Elongase gene and uses thereof
Abstract
The subject invention relates to the identification of a gene involved in the elongation of polyunsaturated fatty acids containing unsaturation at the carbon 9 position (i.e., “Δ9-elongase”) and to uses thereof. In particular, Δ9-elongase may be utilized, for example, in the conversion of linoleic acid (LA, 18:2n-6) to eicosadienoic acid (EDA, 20:2n-6). The production of dihomo-γ-linolenic acid (DGLA, 20:3n-6) from eicosadienoic acid (EDA, 20:2n-6), and arachidonic acid (AA, 20:4n-6) from dihomo-γ-linolenic acid (DGLA, 20:3n-6) is then catalyzed by Δ8-desaturase and Δ5-desaturase, respectively. AA or polyunsaturated fatty acids produced therefrom may be added to pharmaceutical compositions, nutritional compositions, animal feeds, as well as other products such as cosmetics.
Claims
exact text as granted — not AI-modified1 . An isolated nucleic acid molecule comprising or complementary to a nucleotide sequence encoding a polypeptide having elongase activity, wherein the amino acid sequence of said polypeptide has at least about 80% sequence identity to the amino acid sequence comprising SEQ ID NO:2.
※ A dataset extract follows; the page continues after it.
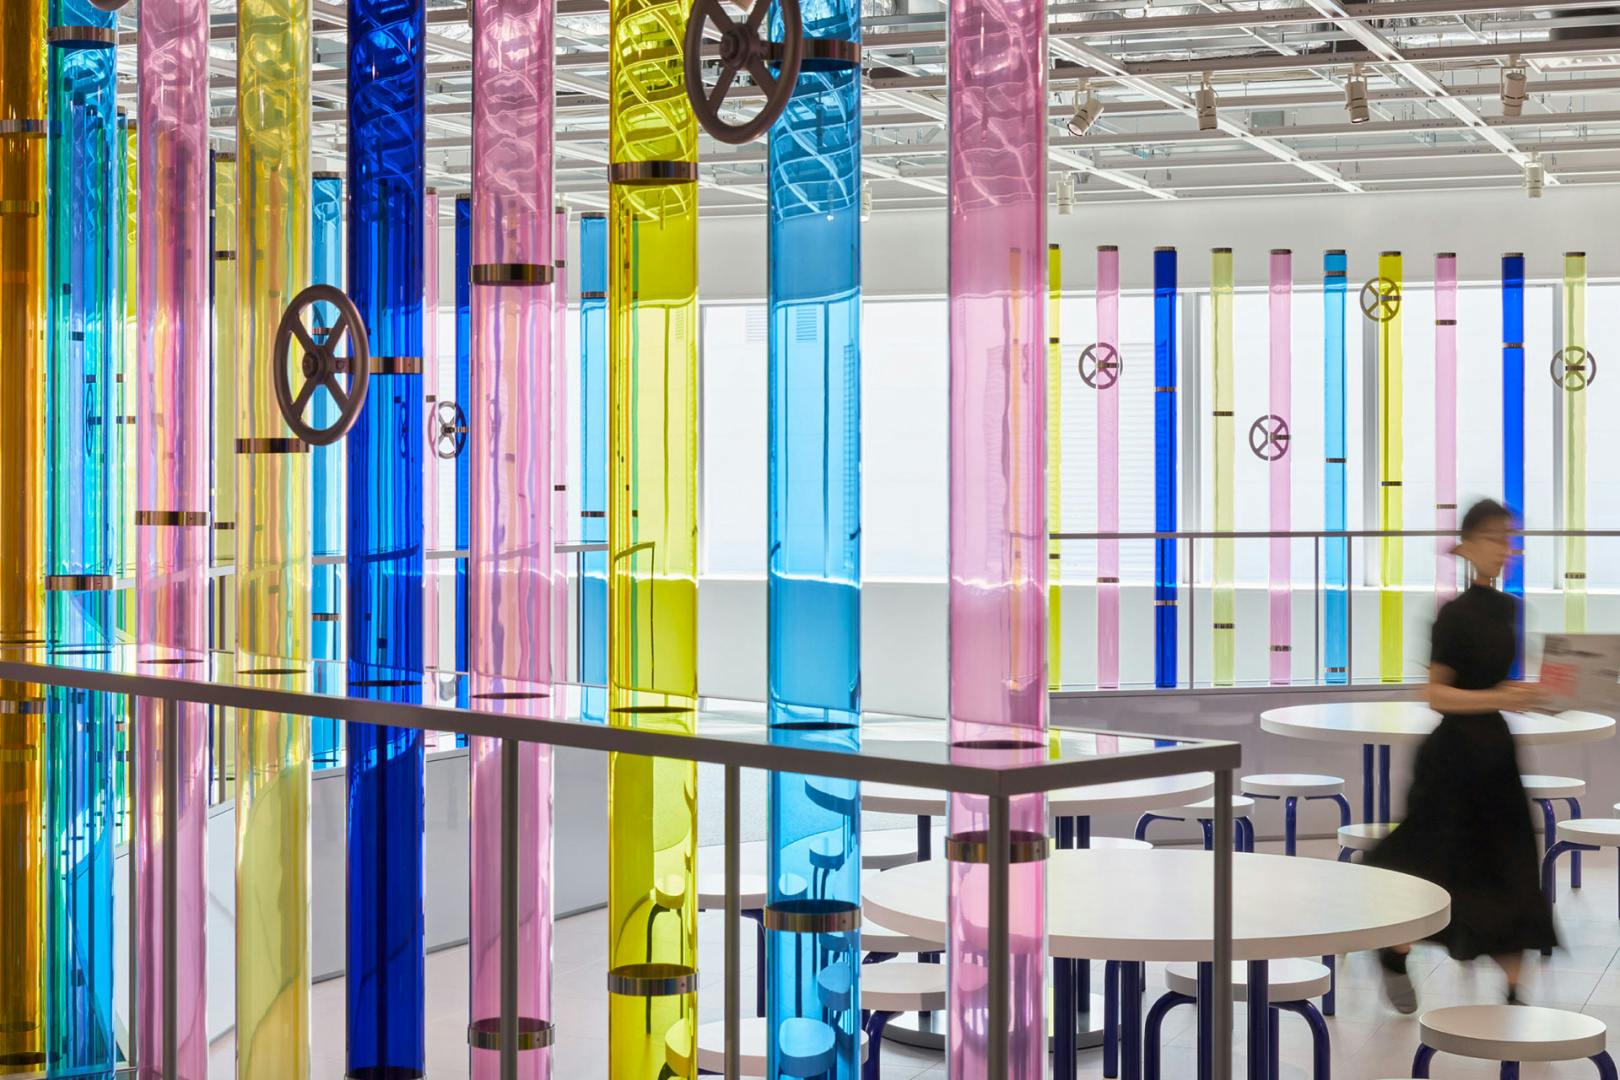 Photograph of Shiseido's Beauty Playground experience, showing large blue, yellow and pink glass panels that resemble test tubes

2 . An isolated nucleotide sequence comprising or complementary to at least about 80% of the nucleotide sequence comprising SEQ ID NO:1.
3 . The isolated nucleotide sequence of claim 2 wherein said sequence comprises SEQ ID NO:1.
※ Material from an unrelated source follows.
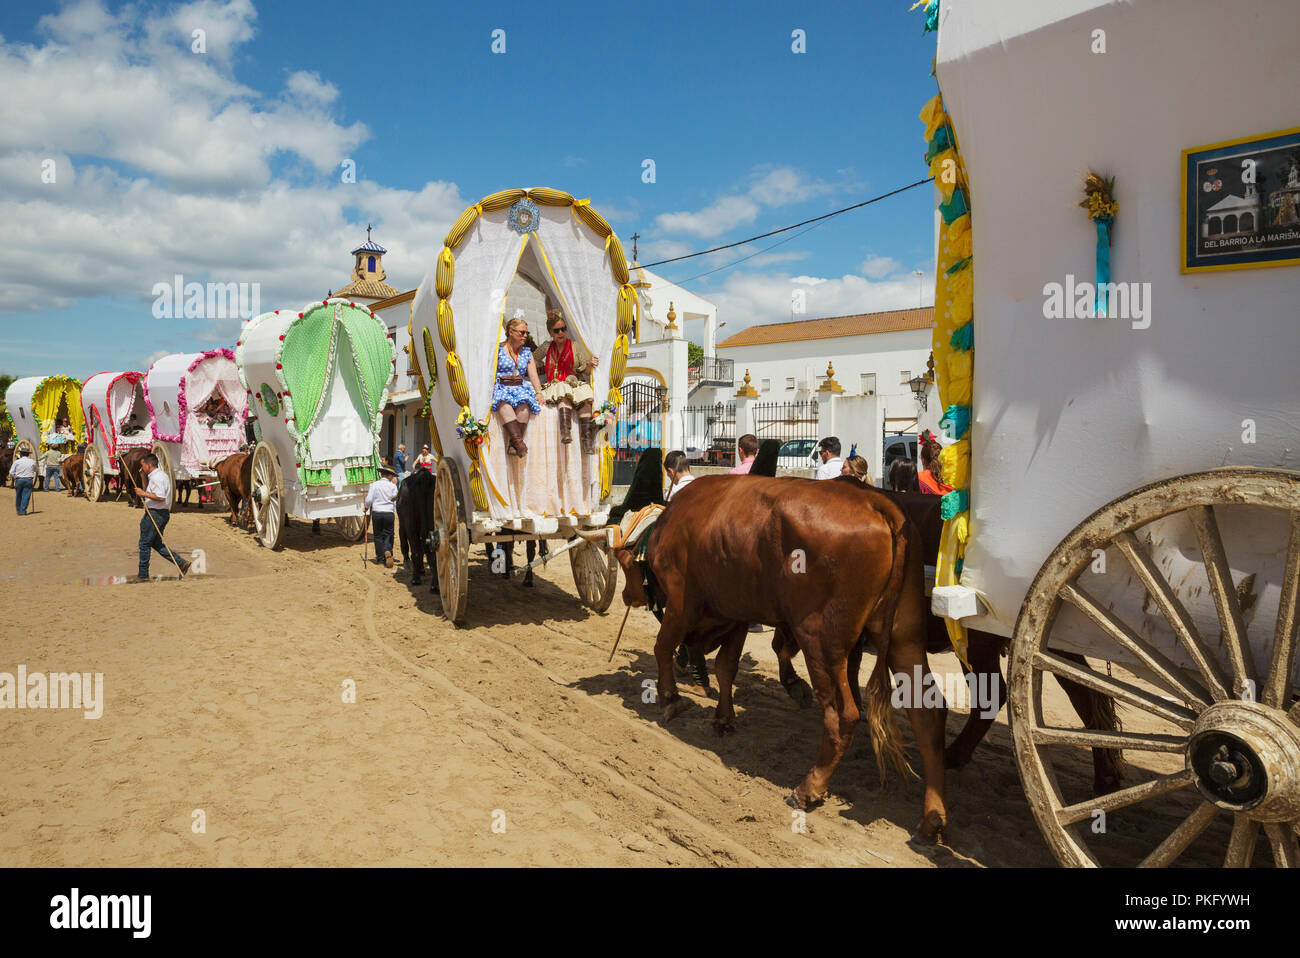 Decorated oxcarts, people in traditional clothes, Pentecost pilgrimage of El Rocio, Huelva province, Andalusia, Spain Stock Photo

4 . The isolated nucleotide sequence of claim 2 or 3 wherein said sequence encodes a functionally active elongase which utilizes a polyunsaturated fatty acid as a substrate.
5 . The nucleotide sequence of claim 4 wherein SEQ ID NO:1 is from Thraustochytrium aureum 7087.
6 . A purified polypeptide encoded by said nucleotide sequence of claim 1 , 2 or 3 .
7 . A purified polypeptide which elongates polyunsaturated fatty acids containing unsaturation at the carbon 9 position and has at least about 80% amino acid identity to an amino acid sequence comprising SEQ ID NO:2.
8 . A method of producing an elongase comprising the steps of:
a) isolating a nucleotide sequence comprising SEQ ID NO:1; b) constructing a vector comprising: i) said isolated nucleotide sequence operably linked to ii) a regulatory sequence; c) introducing said vector into a host cell for a time and under conditions sufficient for expression of said Δ9-elongase.
9 . The method of claim 8 wherein said host cell is selected from the group consisting of a eukaryotic cell and a prokaryotic cell.
10 . The method of claim 9 wherein said prokaryotic cell is selected from the group consisting of Escherichia coli , cyanobacteria and Bacillus subtilis.
11 . The method of claim 9 wherein said eukaryotic cell is selected from the group consisting of a mammalian cell, an insect cell, a plant cell and a fungal cell.
12 . The method of claim 11 wherein said fungal cell is selected from the group consisting of Saccharomyces spp., Candida spp., Lipomyces spp., Yarrowia spp., Kluyveromyces spp., Hansenula spp., Aspergillus spp., Penicillium spp., Neurospora spp., Trichoderma spp. and Pichia spp.
13 . The method of claim 12 wherein said fungal cell is a yeast cell selected from the group consisting of Saccharomyces spp., Candida spp., Hansenula spp. and Pichia spp.
14 . The method of claim 13 wherein said yeast cell is Saccharomyces cerevisiae.
15 . A vector comprising: a) a nucleotide sequence comprising SEQ ID NO:1 operably linked to b) a regulatory sequence.
16 . A host cell comprising said vector of claim 15 .
17 . The host cell of claim 16 , wherein said host cell is selected from the group consisting of a eukaryotic cell and a prokaryotic cell.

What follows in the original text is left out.